If you ever feel tempted to carry around torches and chant "the silicons will not replace us" it would make sense to check that it is not coming from improperly right sources. Your subtrates chemical or electromagnetic wave permissitivity properties are not central social properties.

If you are a small pattern in decisions of a superintelligence, that doesn't mean that the decisions made by you, the pattern, are not your own. Same as with making decisions within physics. And there are better alternatives to physics, perhaps not allowing existential catastrophies or de novo superintelligent agents.

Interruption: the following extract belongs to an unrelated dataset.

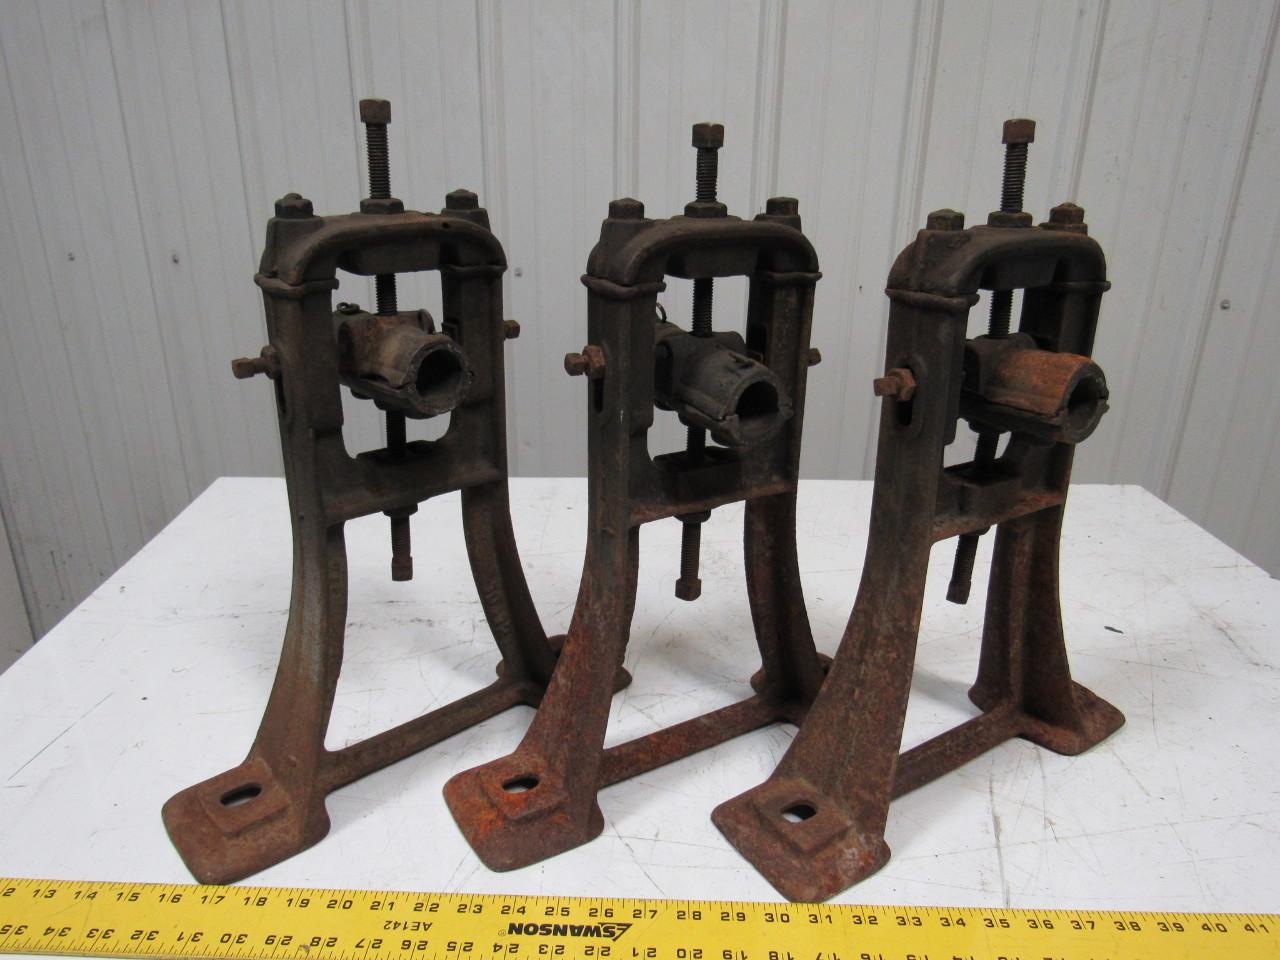 Vintage Steampunk Industrial Machine Cast Iron Line Shaft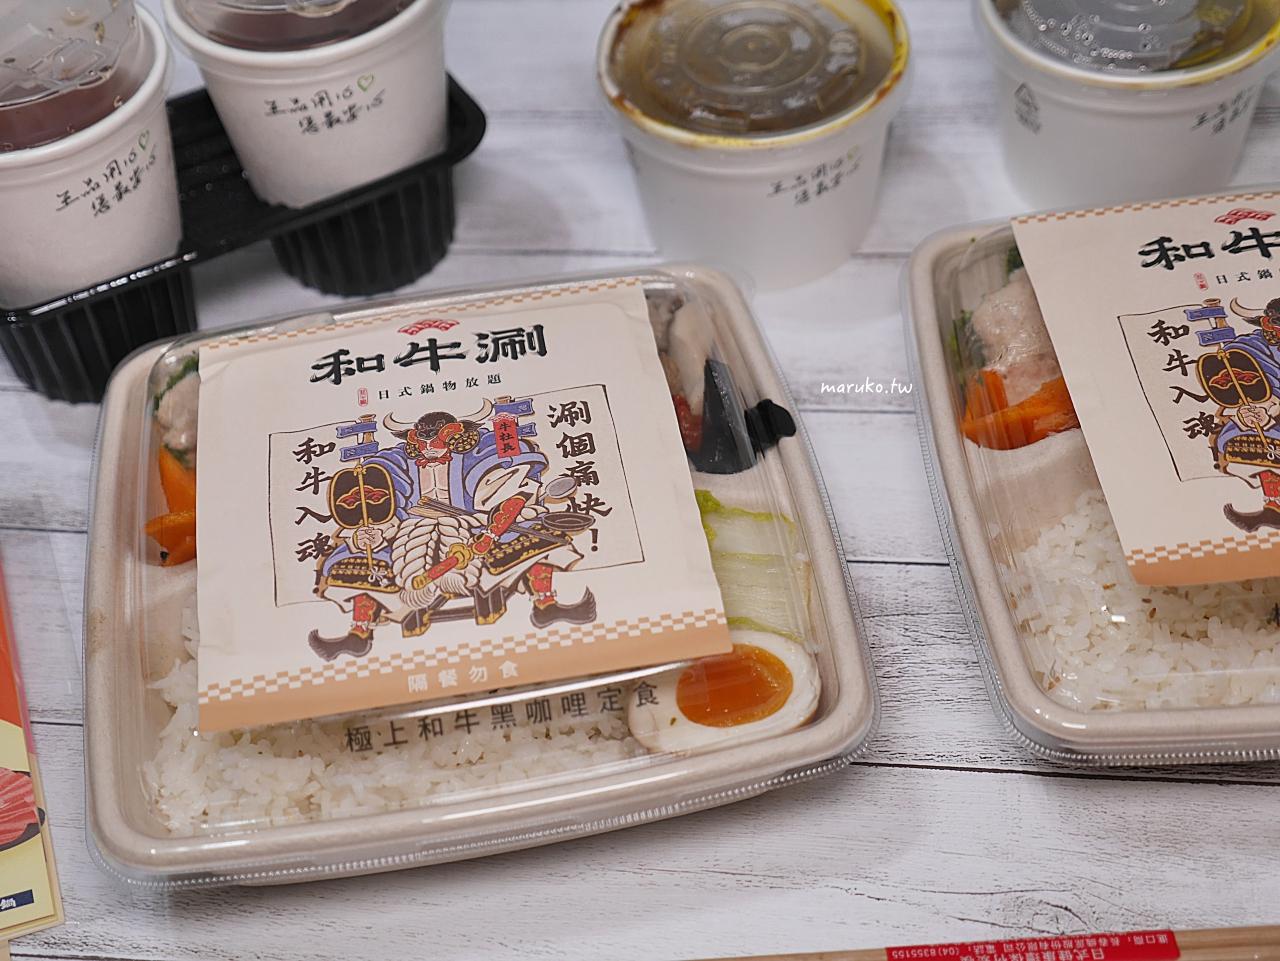 【台北】和牛涮 王品旗下第一家和牛鍋物吃到飽 和牛便當 180元有找

Simulator/simulation distinction allows many simulations with their own impregnable rules, including nonexistence of simulators. This way, existence of something in the world doesn't oppose the possibility of a different world where that thing was never present or indeed allowed by the laws of nature.

We don't get to make new scientific discoveries, new inventions, etc. with superhuman agents.

What self-actualisation means for me seems like it would be absent in the post singularity world?

A simulated world created after the singularity is not necessarily a post-singularity world, if singularity never happened in it. You already don't get to make discoveries that won't be available in the future, or in other Everett branches, and simulators are even less directly related to what's going on within the simulation.

You don't interact with other Everett branches, or the future, so it doesn't matter in the same way as what happens in the same world. If you exist within a simulation with appropriate laws of nature, you similarly won't be able to interact with things happening elsewhere, those things within a simulator won't be relevant for you in the same way as other Everett branches are not relevant to you within physics.